## Model Retraining

We will now try to load the model that we created in the previous lab and retrain it by changing some hyper parameters to get better accuracy

To start we will need to import our required libraries and packages.  We will also load our diabetes data set, create test and training sets

In [10]:
# Diabetes model using PyTorch
# Uses the data file:  diabetes.csv
import pandas as pd
import torch
import torch.nn as nn
import torch.nn.functional as F

from sklearn.model_selection import train_test_split
from sklearn.metrics import accuracy_score

After we have imported our required libraries and packages we load the data into a dataframe (df).

In [11]:
# This code assumes that the file is in a data folder up one dir from this file.
data_file_name = '../data/diabetes.csv'
model_saved_name = '../model/PytorchDiabetesModel.pt'

df = pd.read_csv(data_file_name)
X = df.drop('Outcome', axis=1)  # Independent Feature
y = df['Outcome']                 # Dependent Feature

Before we can re-train the model, we do the same data processing as before to maintain consistency

In [12]:
X_train, X_test, y_train, y_test = train_test_split(X, y, test_size=0.2, random_state=0)

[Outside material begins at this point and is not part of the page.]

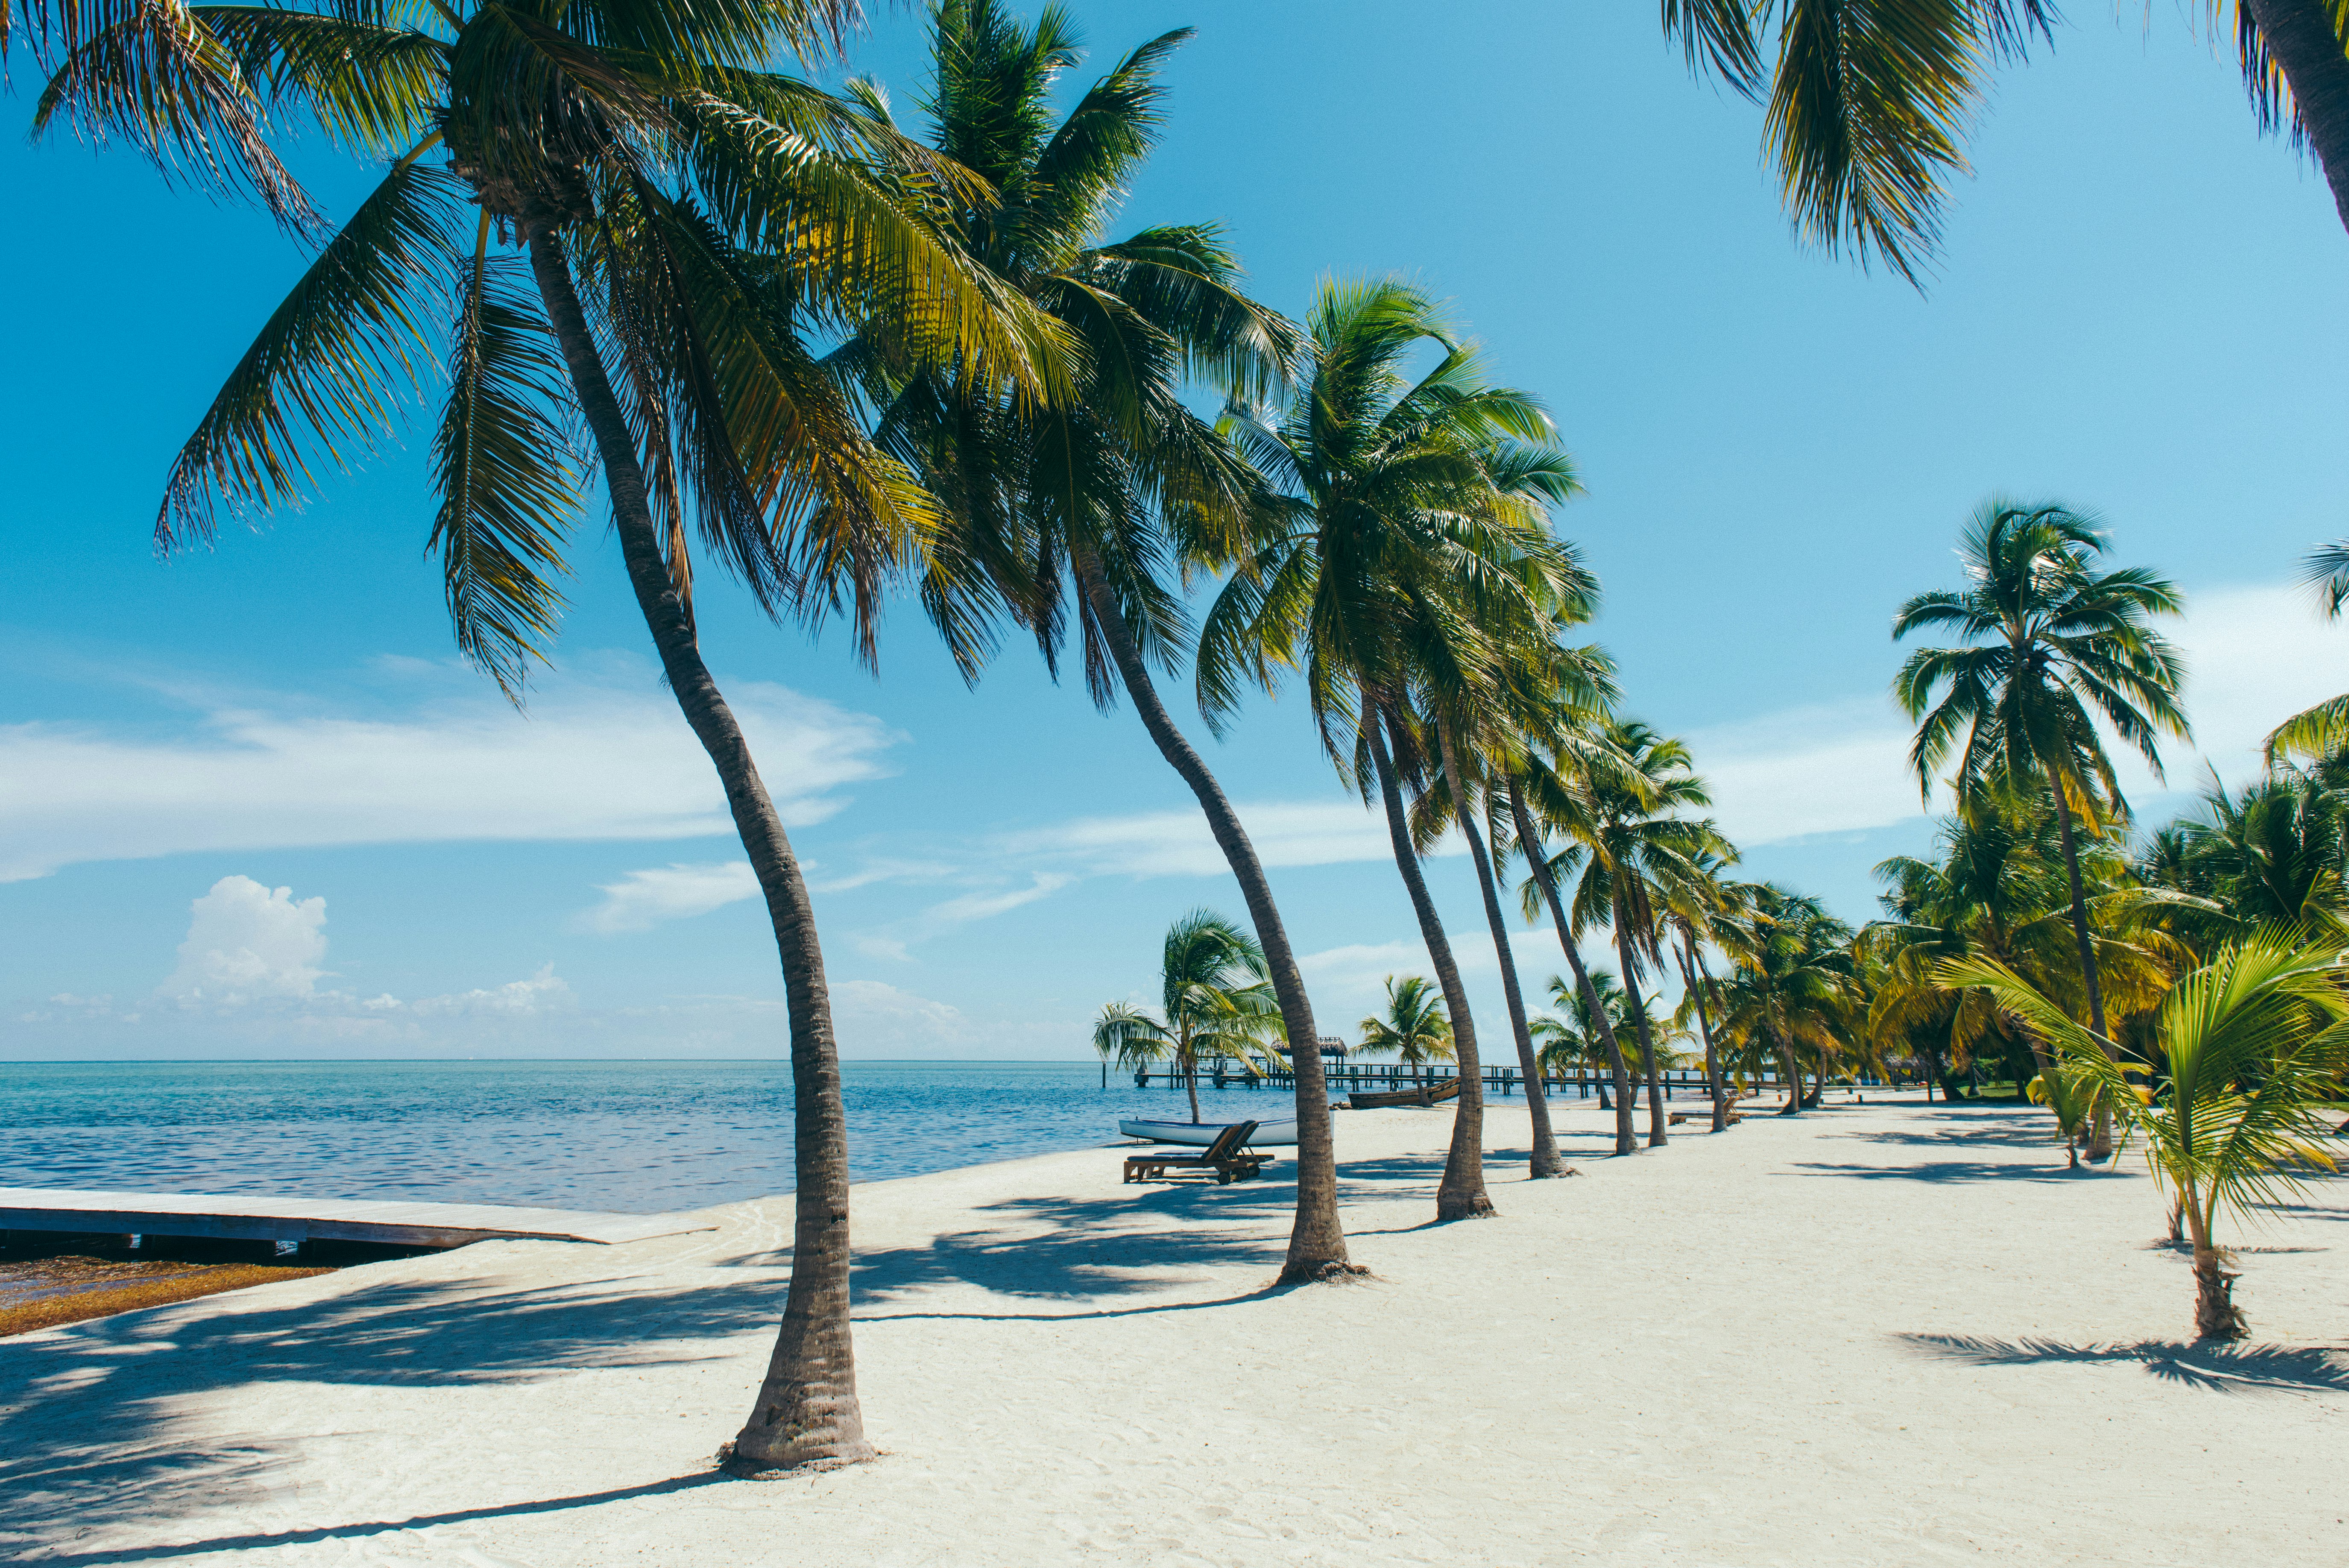 En rad palmer på en fin, vit sandstrand nära turkost vatten med små krusningar - en lugn scen vid stranden i Islamorada, Florida

# Creating Tensors (multidimensional matrix) x-input data  y-output data
X_train = torch.FloatTensor(X_train.values)
X_test = torch.FloatTensor(X_test.values)
y_train = torch.LongTensor(y_train.values)
y_test = torch.LongTensor(y_test.values)

Now we can load our model and try to retrain it by changing the epochs hyper parameter. An epoch defines the number of times the entire data set has to be worked through the learning algorithm. Every sample in the training dataset has had a chance to update the internal model parameters once during an epoch

So the intent behind increasing the number of epochs is that the algorithm has more time to train itself and it can make better predictions on data that it has not seen before!

In [44]:
class ANN_model(nn.Module):
    def __init__(self, input_features=8, hidden1=20, hidden2=10, out_features=2):
        super().__init__()
        self.f_connected1 = nn.Linear(input_features, hidden1)
        self.f_connected2 = nn.Linear(hidden1, hidden2)
        self.out = nn.Linear(hidden2, out_features)
            
    def forward(self, x):
        x = F.relu(self.f_connected1(x))
        x = F.relu(self.f_connected2(x))
        x = self.out(x)
        return x

    def save(self, model_path):
        torch.save(model.state_dict(), model_path)

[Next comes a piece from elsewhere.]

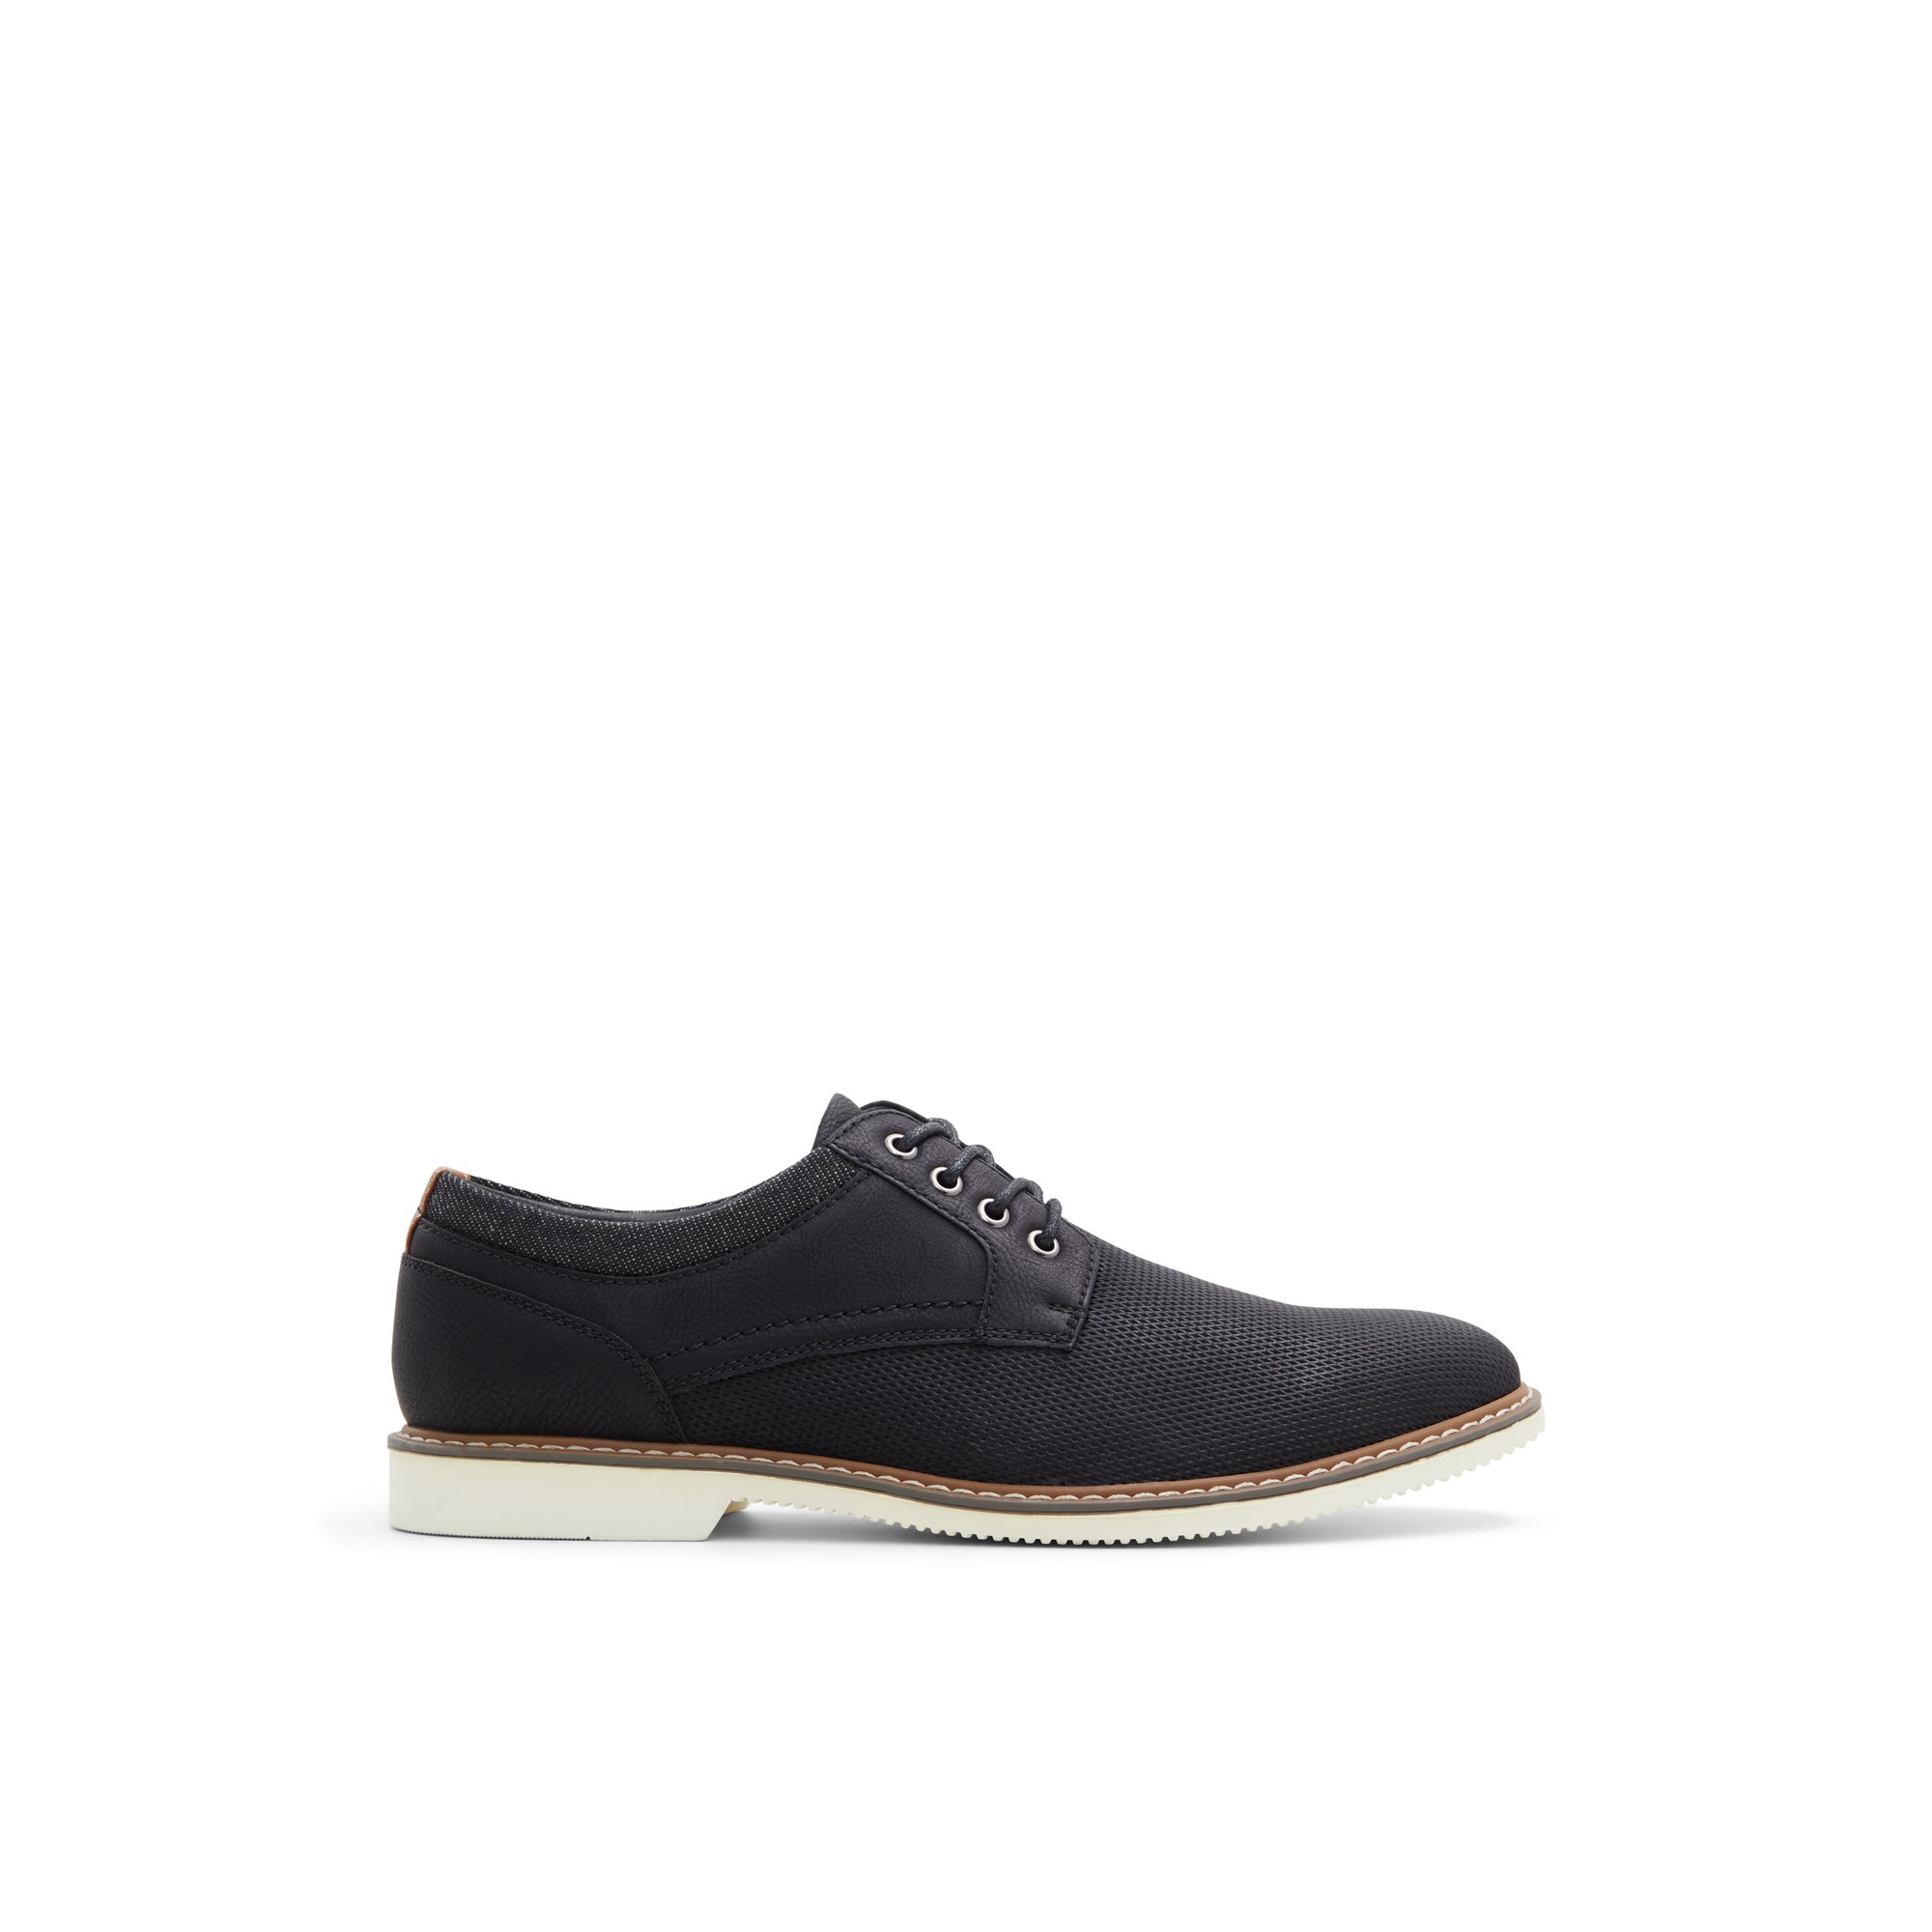 Weekenders Mireand - Men's Footwear Shoes Casual Lace-Ups Black

    def load(self, model_path):
        self.load_state_dict(torch.load(model_path))
        self.eval()


torch.manual_seed(20)

model = ANN_model()
model.load(model_saved_name)


# Backward Propagation - loss and optimizer
loss_function = nn.CrossEntropyLoss()  # CrossEntropyLoss also used in Tensorflow
optimizer = torch.optim.RMSprop(model.parameters(), lr=0.01)  # Tensorflow also uses Adam

epochs = 1000
final_losses = []
for i in range(epochs):
    i = i+1
    y_pred = model.forward(X_train)
    loss = loss_function(y_pred, y_train)
    final_losses.append(loss)
    optimizer.zero_grad()
    loss.backward()
    optimizer.step()

Once our model is created we should test the model's accuracy.  We can do this by comparing the results from the test data set.

In [45]:
# Accuracy - comparing the results from the test data

predictions = []
with torch.no_grad():
    for i, data in enumerate(X_test):
        y_pred = model(data)
        predictions.append(y_pred.argmax())
   
score = accuracy_score(y_test, predictions)  # Simply calculates number of hits / length of y_test
print(score)

0.7012987012987013


Here we see that even if we trained our model for double the time that it trained on previously, it still produced an accuracy that was lower than before! This phenomenon is called as overfitting.

You only get accurate predictions if the machine learning model generalizes to all types of data within its domain. Overfitting occurs when the model cannot generalize and fits too closely to the training dataset instead. Overfitting happens due to several reasons, such as:

    • The training data size is too small and does not contain enough data samples to accurately represent all possible input data values.

    • The training data contains large amounts of irrelevant information, called noisy data.

    • The model trains for too long on a single sample set of data.
    
    • The model complexity is high, so it learns the noise within the training data.